Just a couple of years ago, the Dutch manufacturing industry was the growth leader in the eurozone. Now? The Netherlands is officially struggling to keep up.
How bad is it? Well, Dutch production levels have officially been declining for 16 straight months. Recent figures from Statistics Netherlands (CBS) show that in October 2024 alone, production dropped by 2.5% compared to the same month last year.
This ongoing slump started in mid-2022 — and it continues to cause headaches for manufacturers across the country.
So, what’s the issue?
The big players in the industrial sector have many concerns, from finding an adequate inventory management guide to dealing with a lack of qualified staff. But the production issue is larger than that.
The main culprit here is a sharp drop in incoming orders, which has hit multiple sectors hard.
Transportation equipment manufacturers and the chemical industry are particularly feeling the pain, according to the AD. Meanwhile, food manufacturers are standing out as the exception, managing to increase production even during these tough times.
Overall, production levels are nearing their lowest point since May 2020, when the COVID-19 pandemic wreaked havoc on global supply chains.
Industrial economist Albert Jan Swart from ABN AMRO has been keeping a close eye on the situation. Speaking to NU.nl, he lists a few major factors behind the stagnation:
- High interest rates: These have driven up borrowing costs for companies that depend on loans to keep their operations and investments running smoothly.
- Germany’s economic struggles: As the Netherlands’ biggest trading partner, Germany’s problems are spilling over, and the German automotive sector has been hit hard by falling sales and tough competition from cheaper Chinese electric vehicles.
- Political uncertainty: The potential return of Donald Trump to the U.S. presidency is causing unease among Dutch exporters. Trump’s previously announced import tariffs on European goods could make life even harder for businesses reliant on U.S. markets.
READ MORE | Here’s how another Trump presidency would impact the Netherlands
The competitors are taking over
While the decline in production is already evident (and has been for a while), industry insiders warn that a deeper crisis may be looming.
Koos van Haasteren, the director of Chemelot — a major industrial cluster in Limburg — has raised alarms about a potential “industrial exodus.”
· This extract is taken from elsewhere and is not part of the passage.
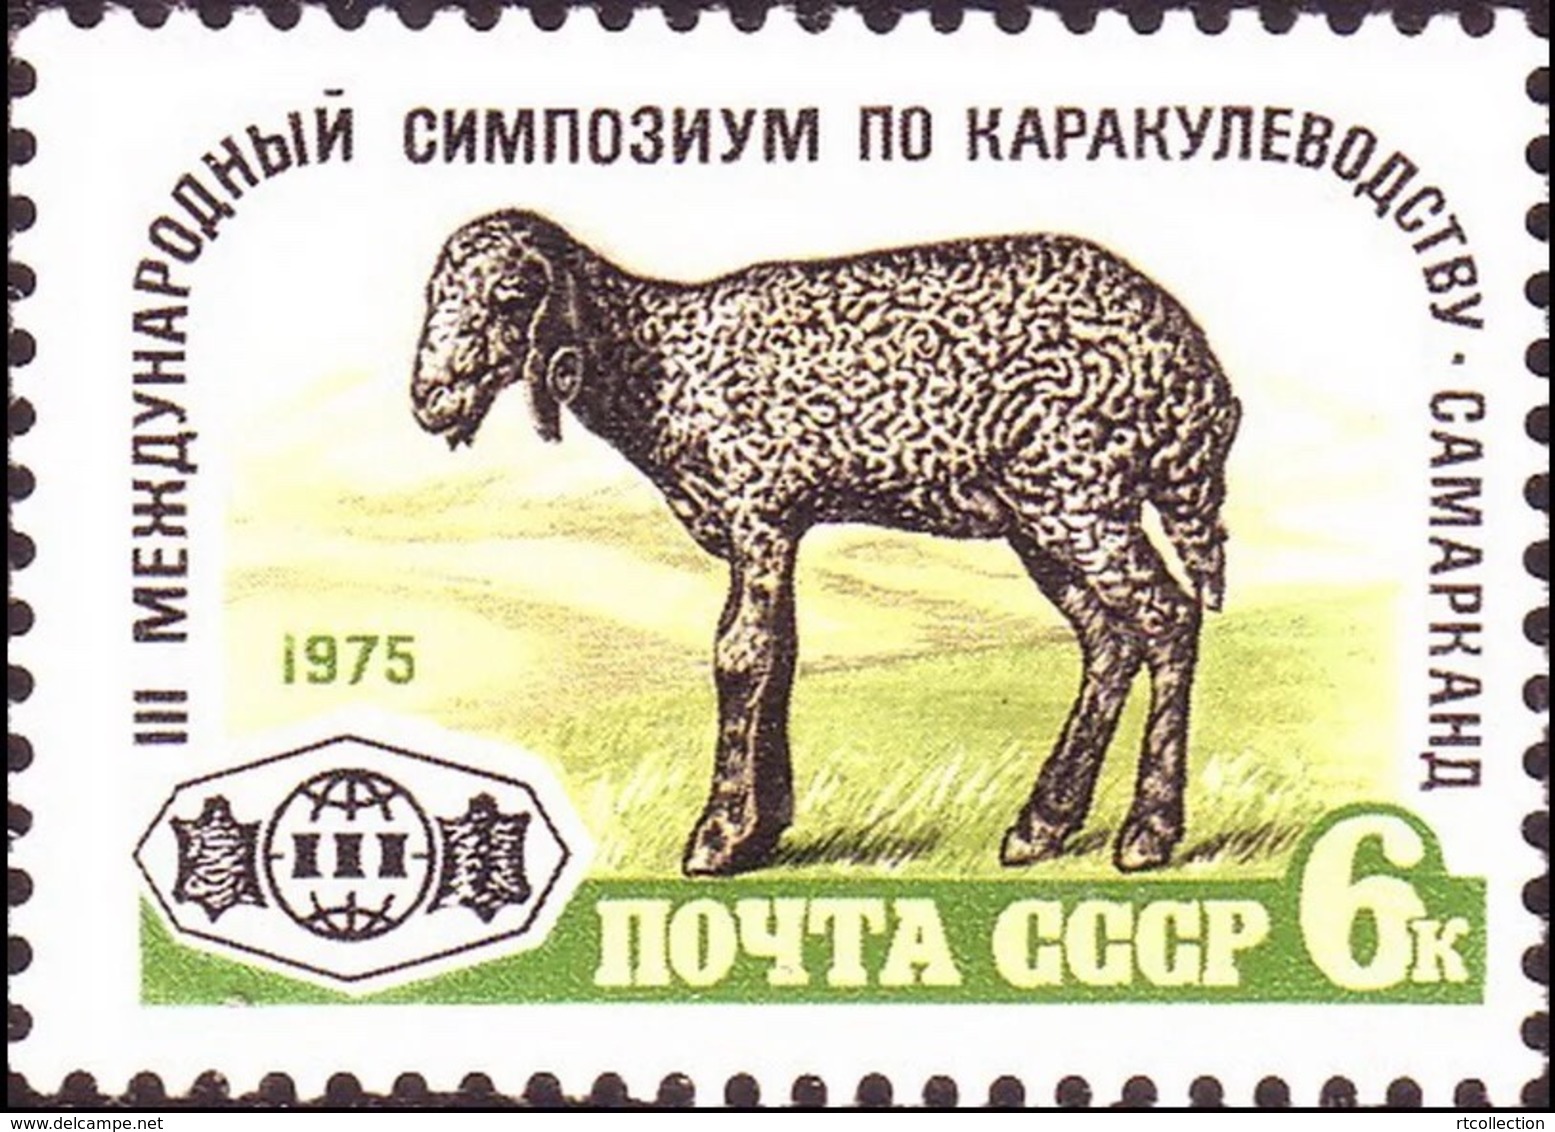 USSR Russia 1975 3rd International Astrakhan Lamb Breeding Fauna Animals Mammals Farm Sheep Stamp MNH Michel 4405 - Farm

Talking to the AD, he describes the Netherlands as “sleepwalking” toward a disastrous future, where entire industries could collapse under the weight of rising costs, shrinking competitiveness, and policy hurdles.
“We are not only more expensive than China or the United States, but even Germany and Belgium offer more competitive conditions,” Van Haasteren explains. One major issue is that the Netherlands is the only country in Europe to abolish its large-scale energy user discount.
Why should we care?
It’s easy to dismiss this as a problem for big businesses, but in reality, the stakes are high for the entire country. Van Haasteren warns that losing major industrial hubs would deal a severe blow to Dutch prosperity.
These sites aren’t just places where goods are made — they’re centers of innovation and high-paying jobs that sustain the local economy. “We risk losing our unique knowledge and production locations,” he warns.
So, the Dutch industrial sector is in a bit of a pickle. Immediate action is needed to restore competitiveness and reverse the downward trend. At the same time, long-term solutions are crucial to ensure a sustainable future for the industry.
According to the experts, without intervention, Dutch manufacturers risk being outpaced by cheaper and more efficient competitors in China, the U.S., and even neighboring European countries.
As Van Haasteren puts it, the Netherlands cannot afford to live in a fairy tale. The challenges are real, and the clock is ticking for decisions that can help secure the future of Dutch industry.